10. Can Ebola be eradicated?
Eradication of Ebola is challenging due to the nature of its transmission and its reservoir in animals. However, it can be controlled through coordinated international efforts, strong health systems, and community engagement.

Useful links

Ebola Virus Disease (EVD), also known as Ebola, is a deadly illness caused by the Ebola virus. This virus was first discovered in 1976 near the Ebola River in the Democratic Republic of Congo. The disease is severe and often fatal in humans, and it spreads through contact with the body fluids of an infected person or animal.

Key areas of interest in Ebola virus disease are its epidemiology, pathogenesis, diagnosis, treatment, and prevention. Here are useful links from recognized academic journals regarding Ebola:

  1. https://pubmed.ncbi.nlm.nih.gov/33873076/
  2. https://pubmed.ncbi.nlm.nih.gov/30777297/

Please be sure to check for each journal’s access and copyright restrictions. Some content may be behind a paywall or available only through specific institutional access.

Complications of Ebola virus disease

Ebola Virus Disease (EVD) is a rare and deadly disease caused by infection with one of the Ebola virus strains. Complications can include:

1. Immediate complications: These include severe dehydration due to vomiting and diarrhea, shock, failure of multiple organ systems, severe bleeding, and damage to the vascular system.

2. Long-term complications: Ebola can also have lingering effects that persist after the patient has recovered, a condition often referred to as ‘post-Ebola syndrome.’ Symptoms can include joint and muscle pain, vision problems, inflammation of the tissues lining the inside of the eyes (uveitis), severe headaches, fatigue, loss of appetite, difficulty sleeping, and in some cases, mental and neurologic health issues.

3. Complications related to transmission: Healthcare workers and family members taking care of an infected person are at the highest risk of getting infected themselves, especially if they are not using proper protective measures.

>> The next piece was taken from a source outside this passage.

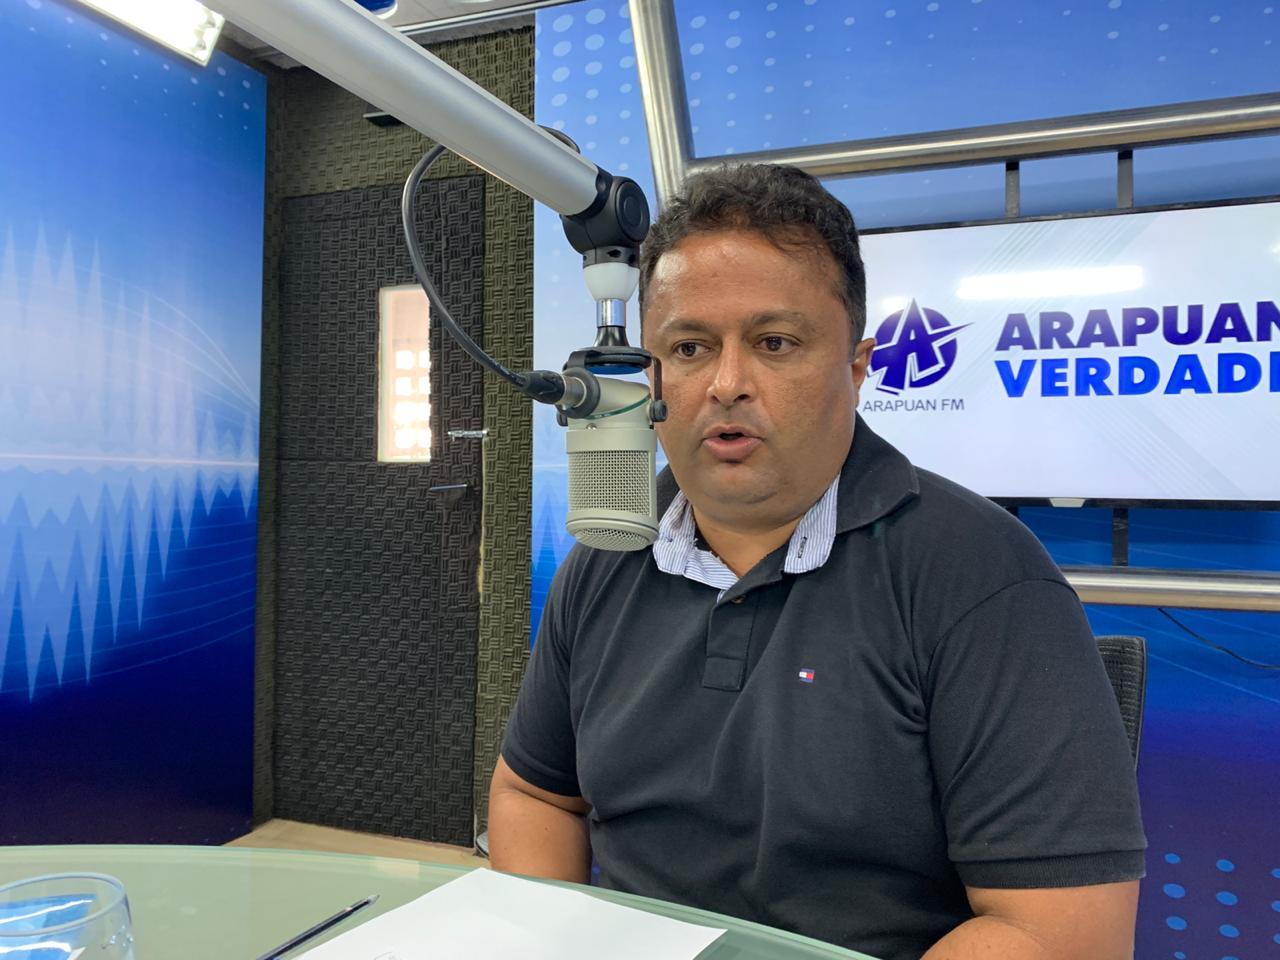 jackson macedo - 'O PT precisa organizar seu papel estratégico', Jackson Macedo comenta ação do partido no governo Bolsonaro

4. Societal and psychological complications: Outbreaks of Ebola can have devastating effects on communities – fear and stigma can lead to social isolation of patients and survivors. Health systems can also be seriously disrupted during outbreaks, potentially causing indirect health impacts.

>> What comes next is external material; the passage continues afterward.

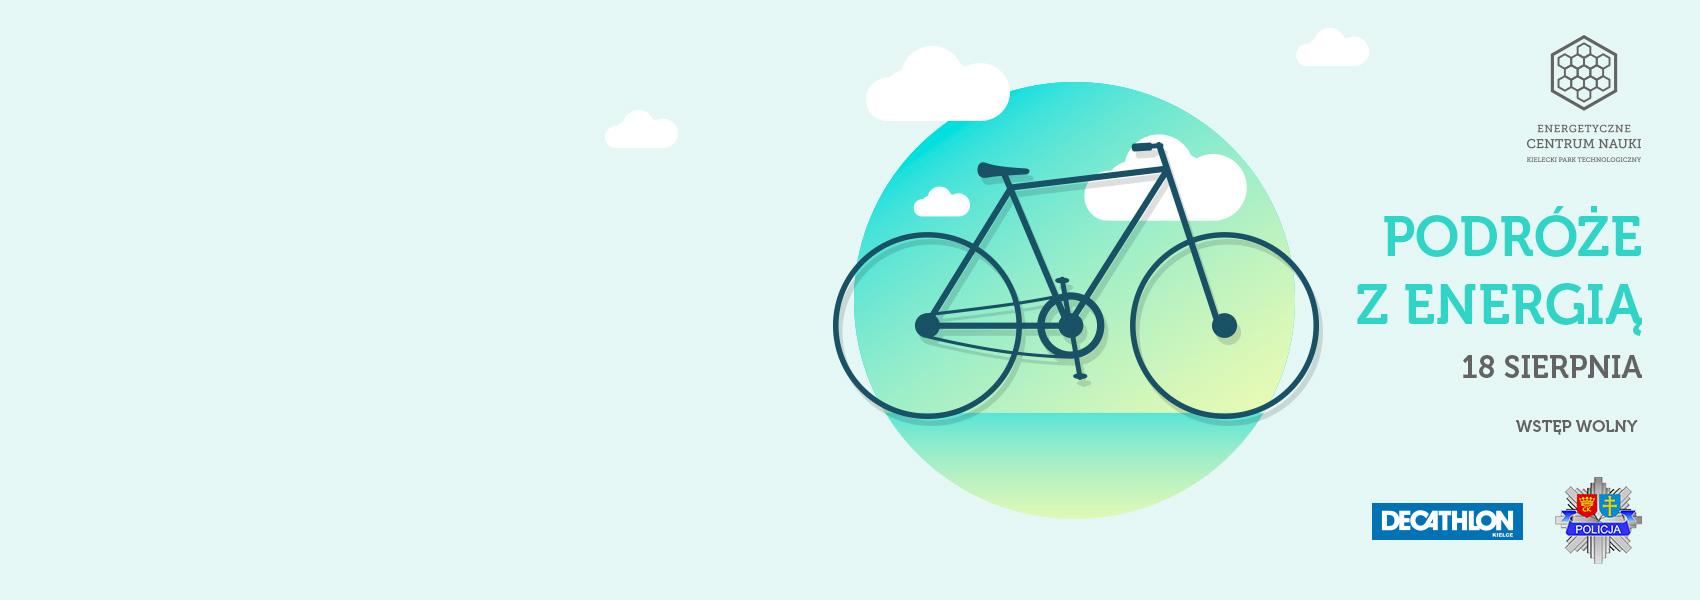 podroze_z_energia_rower_1700x600

5. Pregnancy-related complications: Pregnant women with EVD have high rates of miscarriage, premature delivery and neonatal death.

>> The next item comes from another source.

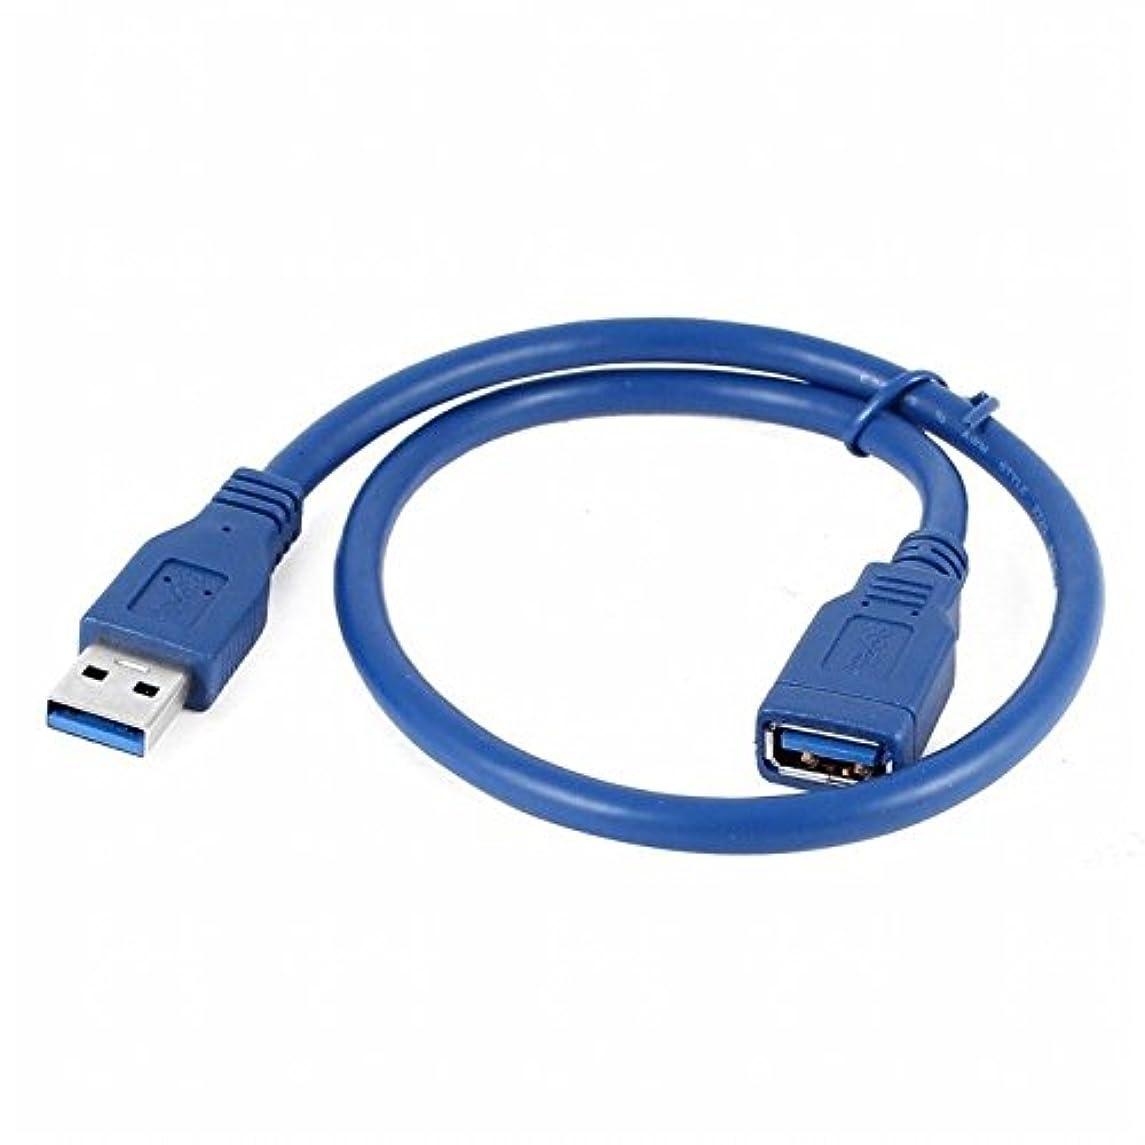 FidgetGear 50cm 3.0 A Male to Female Extension Data Sync Transfer Cable Da KL

6. Risk of reinfection: There is also a risk of reinfection from persistent virus presence in certain body fluids of recovered patients, such as semen, where the virus can persist for several months after recovery from illness.

Seeking prompt medical attention and rigorous supportive care to manage hydration and manage symptoms is crucial and can significantly improve survival chances.

Home remedies of Ebola virus disease

Ebola virus disease is a severe and often deadly illness that can occur in humans and primates (such as monkeys and gorillas). Currently, there are no confirmed home remedies or over-the-counter treatments for Ebola virus disease. This very serious disease requires intensive supportive care.

Most often, treatment consists of what’s called supportive care, which may involve:

1. Rehydrating the patient.
2. Maintaining the patient’s oxygen status and blood pressure.
3. Managing any complicating infections.

Prevention strategies, such as avoiding areas of known outbreaks, not handling remains of victims of Ebola virus disease, and avoiding contact with bodily fluids of those infected, can help reduce the risk of infection.

It’s also crucial that you seek immediate medical attention if you believe you have been exposed to Ebola virus. Health care professionals have the knowledge and resources necessary to manage the disease and, in many cases, they can help improve the likelihood of survival with early intervention.

There are vaccines under development and some, like rVSV-ZEBOV vaccine, are being used under compassionate grounds in outbreaks. For up-to-date information on Ebola treatment and prevention, please refer to World Health Organization (WHO) or Centers for Disease Control and Prevention (CDC) guidelines.